The central pair of lovers are the only characters in »Romeo and Juliet« featured as changing, against all the others who are static. The critical opinion on Romeo and Juliet is practically unanimous. The inseparability of their names reflects the very nature of love: people seeking »their other halves«, completeness in a union with the other. So all the critics agree that Romeo and Juliet are the ideal pair of lovers.

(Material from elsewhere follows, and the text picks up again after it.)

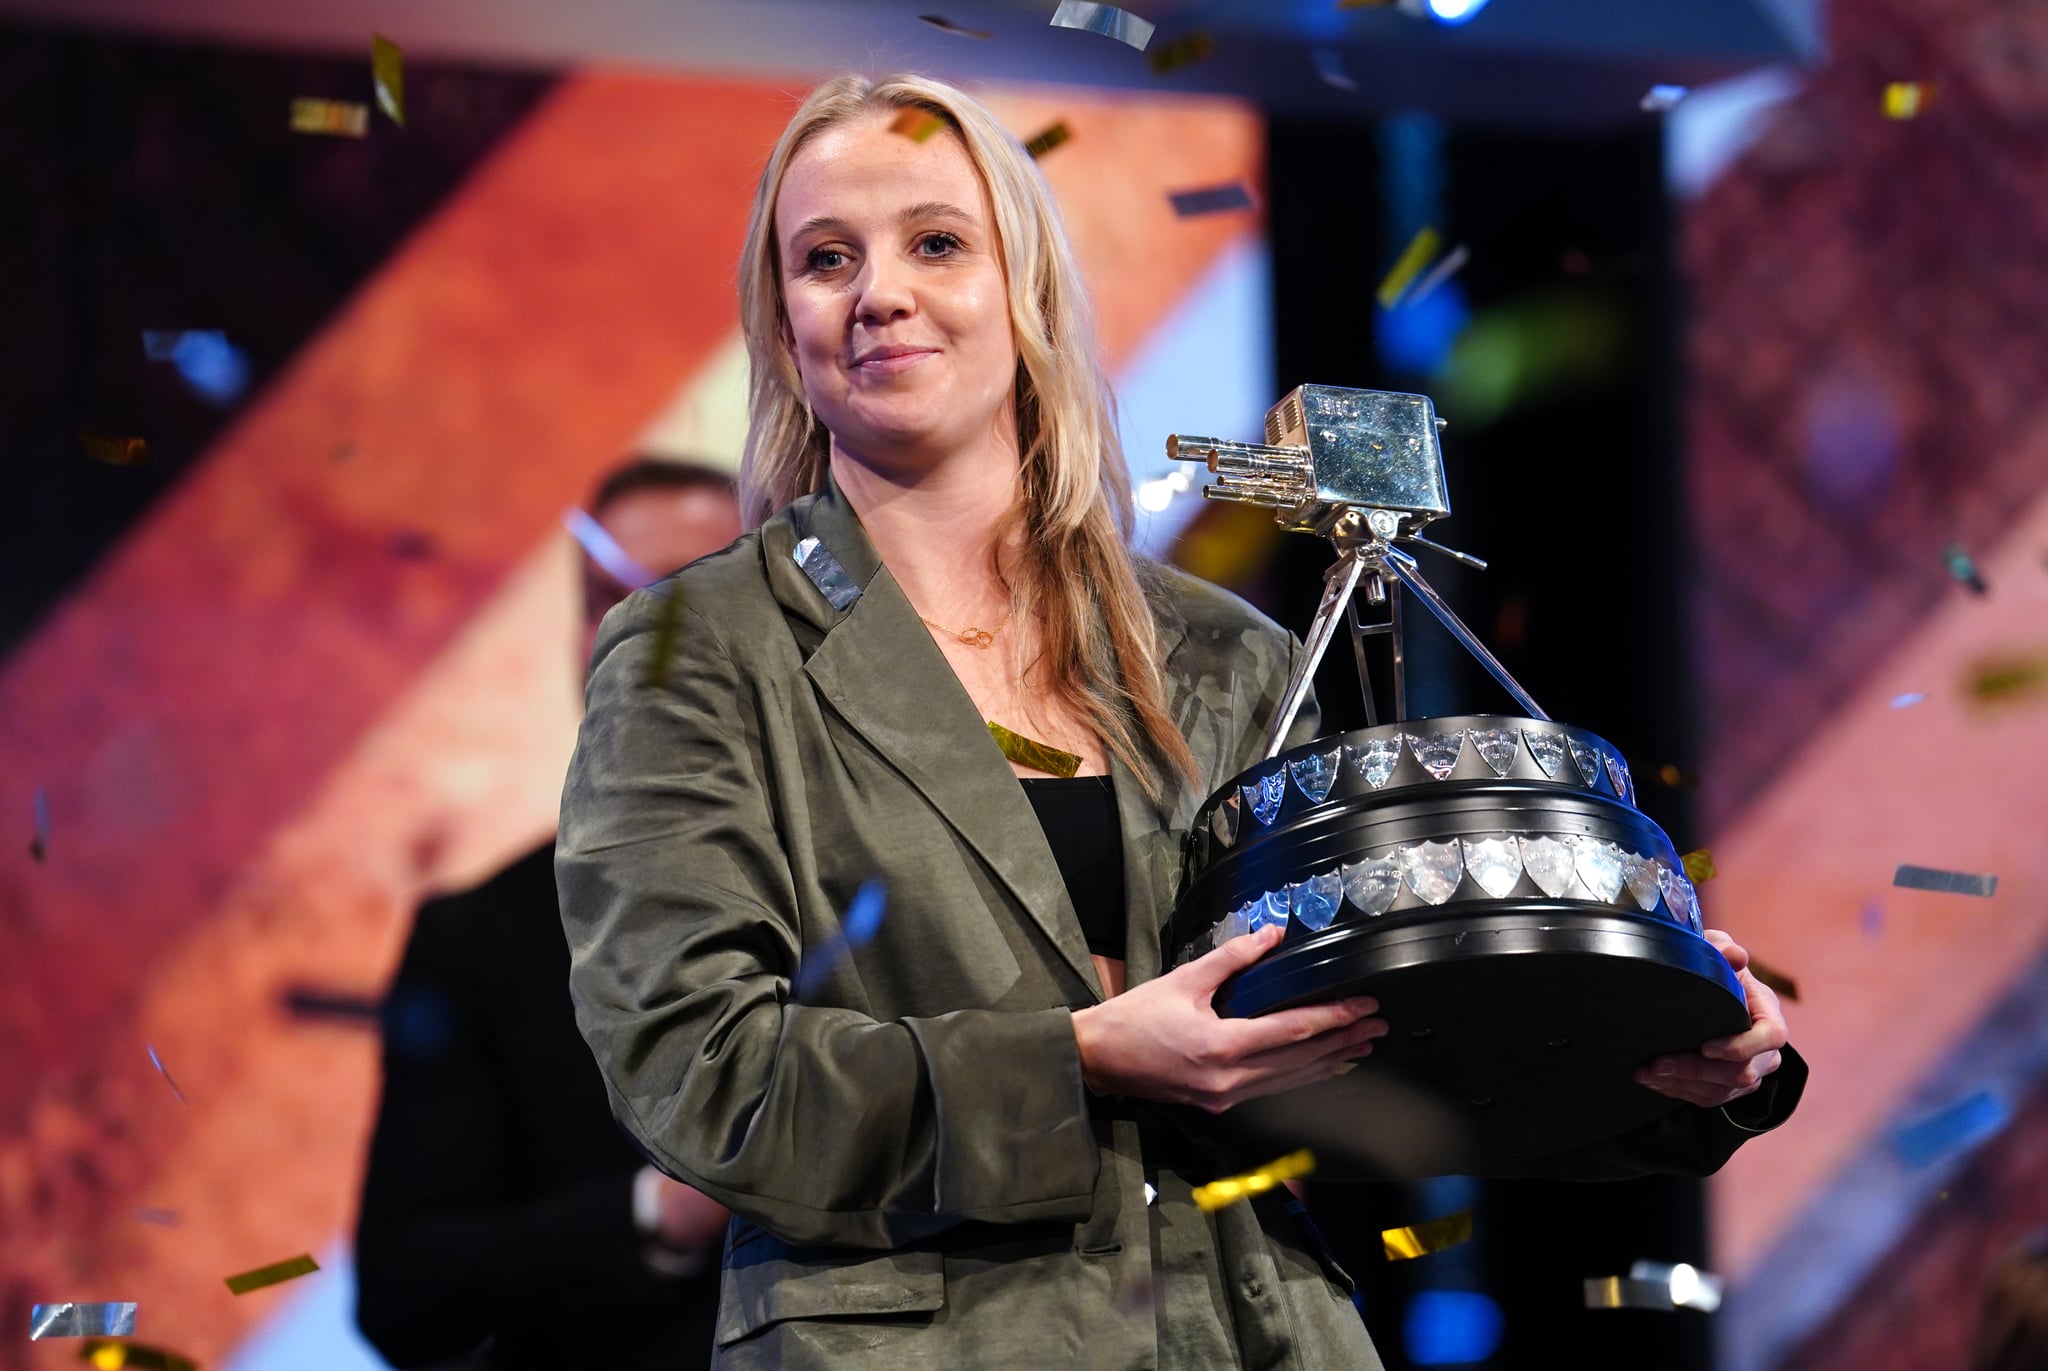 Beth Mead poses with The BBC Sports Personality of the Year Award during the BBC Sports Personality of the Year Awards 2022 held at MediaCityUK, Salford. Picture date: Wednesday December 21, 2022. (Photo by David Davies/PA Images via Getty Images)

The tradition of psychological analysis of Shakespeare's characters was founded by S.T.Coleridge in his Shakespearean lectures (1811-1812). In the seventh lecture he described Shakespeare's unparalleled understanding of love: »Shakespeare has described this passion in various states and stages, beginning, as was most natural, with love in the young. Does he open his play making Romeo and Juliet in love at first sightat the first glimpse, as any ordinary thinker would do? Certainly not: he knew what he was about: he was to develop the whole passion, and he commences with the first elements – that sense of imperfection, that yearning to combine itself with something lovely. Romeo became enamoured of the idea he had formed in his own mind, and then, as it were, christened the first real being of the contrary sex as endowed with the perfections he desired. He appears to be in love with Rosaline; but, in truth, he is in love only with his own idea. He felt that necessity of being beloved which no noble mind can be without. Then our poet, our poet who so well knew human nature, introduces Romeo to Juliet, and makes it not only a violent, but a permanent love. Romeo is first represented in a state most susceptible of love, and then, seeing Juliet, he took and retained the infection.«

The typical Continental point of view is represented by the words of the most influential Russian critic of the XIXth century V.G.Belinsky. In 15th installment of his »Alexander Pushkin's Works« (1844) he wrote: »The idea of love makes the pathos of «Romeo and Juliet», and the lovers' enthusiastic dialogues are like ocean waves shining in the stars' bright light. Their lyrical monologues are full not only of mutual admiration, but of the proud assertion of Love's divine nature«. Dmitrii Urnov considers »Romeo and Juliet«'s place among Shakespeare's early plays, because it does not express »the basically tragic view of life, as the later plays would; it expresses the tragedy of individual destiny under tragic circumstances«.